This chapter introduces a fundamental tool to solve a simple class of continuous control problems: the linear quadratic regulator. We will then extend this basic method to more complex settings.

2.2Optimal control¶

Recall that an MDP is defined by its state space $\mathcal{S}$ , action space $\mathcal{A}$ , state transitions $P$ , reward function $r$ , and discount factor γ or time horizon $\hor$ . These have equivalents in the control setting:

The state and action spaces are continuous rather than finite. That is, $\mathcal{S} \subseteq \mathbb{R}^{n_\st}$ and $\mathcal{A} \subseteq \mathbb{R}^{n_\act}$ , where $n_\st$ and $n_\act$ are the corresponding dimensions of these spaces, i.e. the number of coordinates to specify a single state or action respectively.
We call the state transitions the dynamics of the system. In the most general case, these might change across timesteps and also include some stochastic noise $w_\hi$ at each timestep. We denote these dynamics as the function $f_\hi$ such that $\st_{\hi+1} = f_\hi(\st_\hi, \act_\hi, w_\hi)$ . Of course, we can simplify to cases where the dynamics are deterministic/noise-free (no $w_\hi$ term) and/or time-homogeneous (the same function $f$ across timesteps).
Instead of maximizing the reward function, we seek to minimize the cost function $c_\hi: \mathcal{S} \times \mathcal{A} \to \mathbb{R}$ . Often, the cost function describes how far away we are from a target state-action pair $(\st^\star, \act^\star)$ . An important special case is when the cost is time-homogeneous; that is, it remains the same function $c$ at each timestep $h$ .
We seek to minimize the undiscounted cost within a finite time horizon $\hor$ . Note that we end an episode at the final state $\st_\hor$ -- there is no $\act_\hor$ , and so we denote the cost for the final state as $c_\hor(\st_\hor)$ .

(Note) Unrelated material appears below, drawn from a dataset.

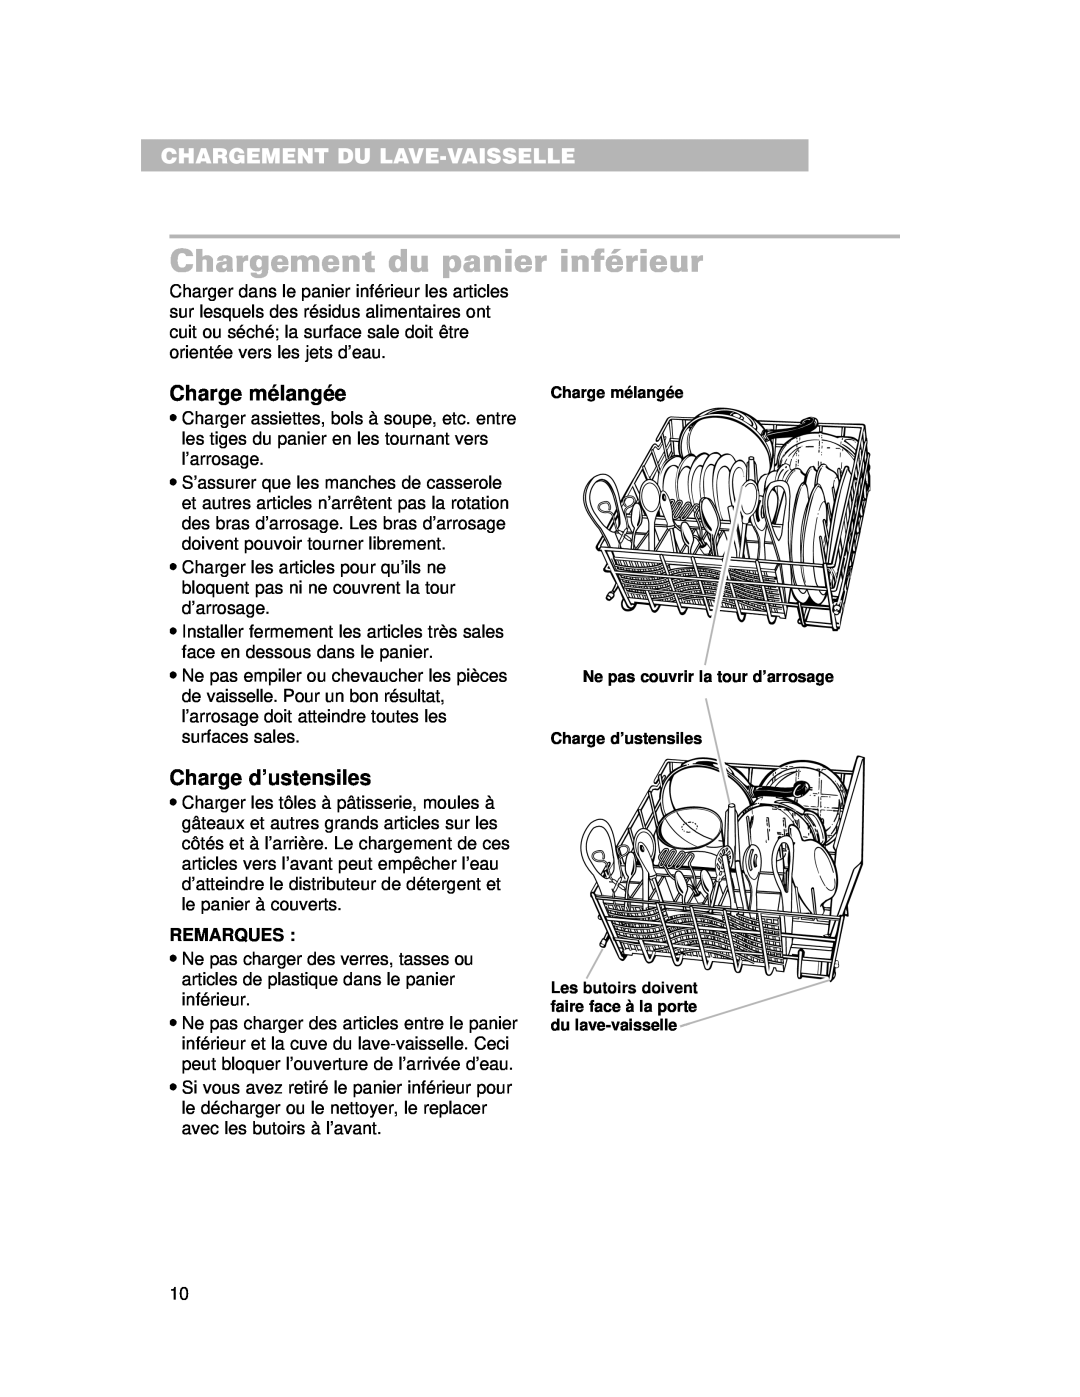 Whirlpool 910 Series Chargement du panier inférieur, Charge mélangée, Charge d’ustensiles, Chargement Du Lave-Vaisselle 
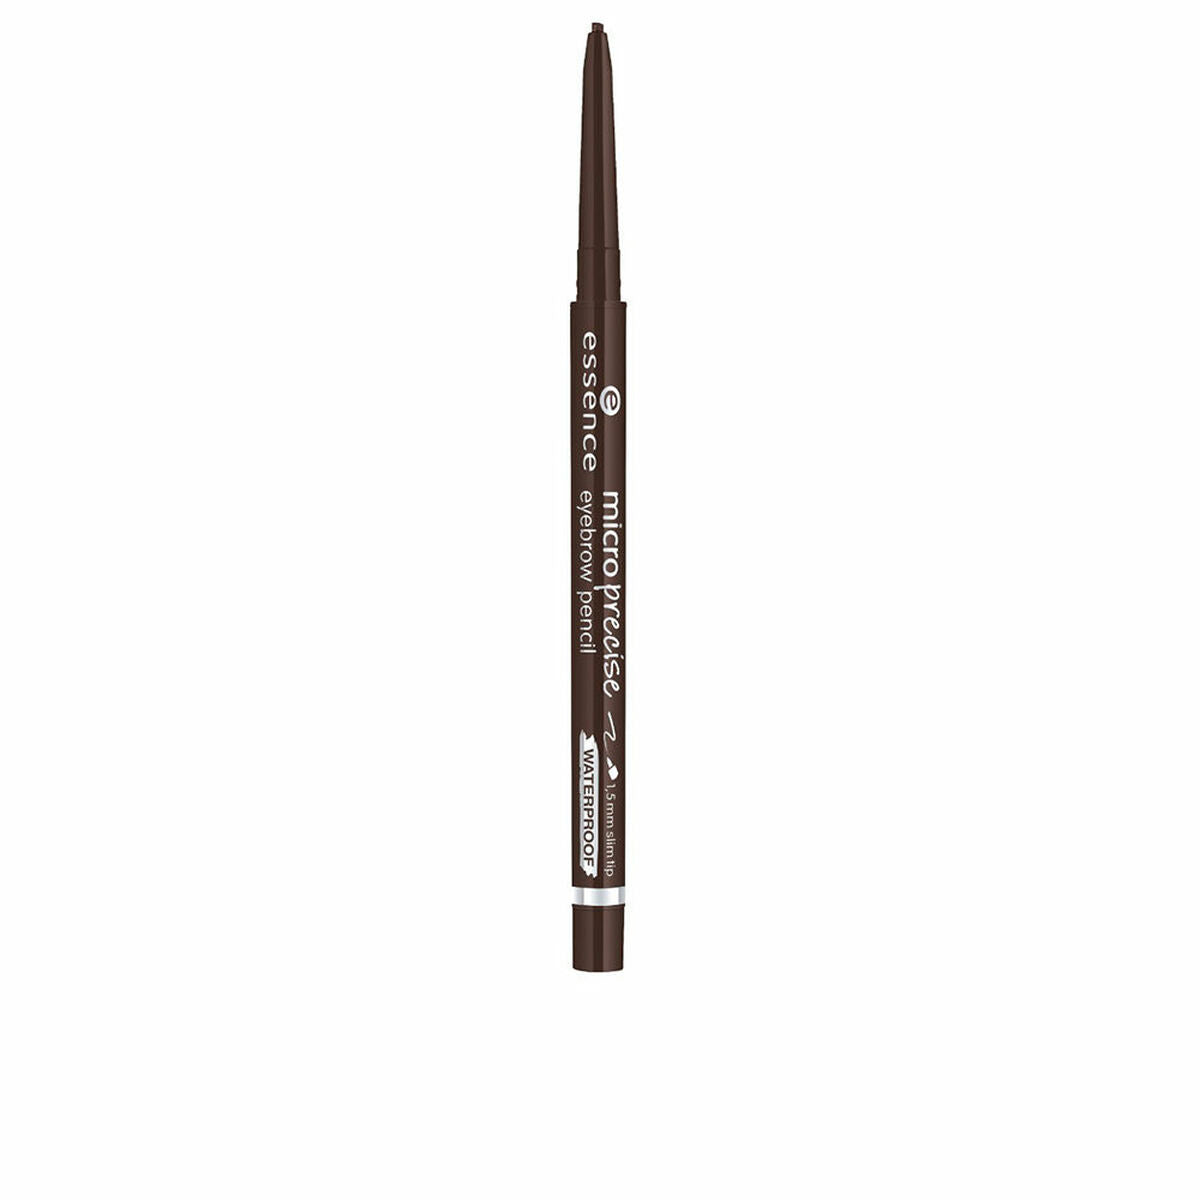 Essenza a matita per sopracciglia Micropropriale resistente all'acqua nº 03-dark marrone 0,05 g

With all of these components, we can now formulate the optimal control problem: compute a policy to minimize the expected undiscounted cost over $\hor$ timesteps. In this chapter, we will only consider deterministic, time-dependent policies $\pi = (\pi_0, \dots, \pi_{H-1})$ where $\pi_h : \mathcal{S} \to \mathcal{A}$ for each $\hi \in [\hor]$ .

2.2.1A first attempt: Discretization¶

Can we solve this problem using tools from the finite MDP setting? If $\mathcal{S}$ and $\mathcal{A}$ were finite, then we’d be able to work backwards using the DP algorithm for computing the optimal policy in an MDP (Definition 1.11). This inspires us to try discretizing the problem.

Suppose $\mathcal{S}$ and $\mathcal{A}$ are bounded, that is, $\max_{\st \in \mathcal{S}} \|\st\| \le B_\st$ and $\max_{\act \in \mathcal{A}} \|\act\| \le B_\act$ . To make $\mathcal{S}$ and $\mathcal{A}$ finite, let’s choose some small positive ε, and simply round each coordinate to the nearest multiple of ε. For example, if $\epsilon = 0.01$ , then we round each element of $\st$ and $\act$ to two decimal spaces.

However, the discretized $\widetilde{\mathcal{S}}$ and $\widetilde{\mathcal{A}}$ may be finite, but they may be infeasibly large: we must divide each dimension into intervals of length $\varepsilon$ , resulting in $|\widetilde{\mathcal{S}}| = (B_\st/\varepsilon)^{n_\st}$ and $|\widetilde{\mathcal{A}}| = (B_\act/\varepsilon)^{n_\act}$ . To get a sense of how quickly this grows, consider $\varepsilon = 0.01, n_\st = n_\act = 10$ . Then the number of elements in the transition matrix would be $|\widetilde{\mathcal{S}}|^2 |\widetilde{\mathcal{A}}| = (100^{10})^2 (100^{10}) = 10^{60}$ ! (That’s a trillion trillion trillion trillion trillion.)

What properties of the problem could we instead make use of? Note that by discretizing the state and action spaces, we implicitly assumed that rounding each state or action vector by some tiny amount $\varepsilon$ wouldn’t change the behavior of the system by much; namely, that the cost and dynamics were relatively continuous. Can we use this continuous structure in other ways? This leads us to the linear quadratic regulator.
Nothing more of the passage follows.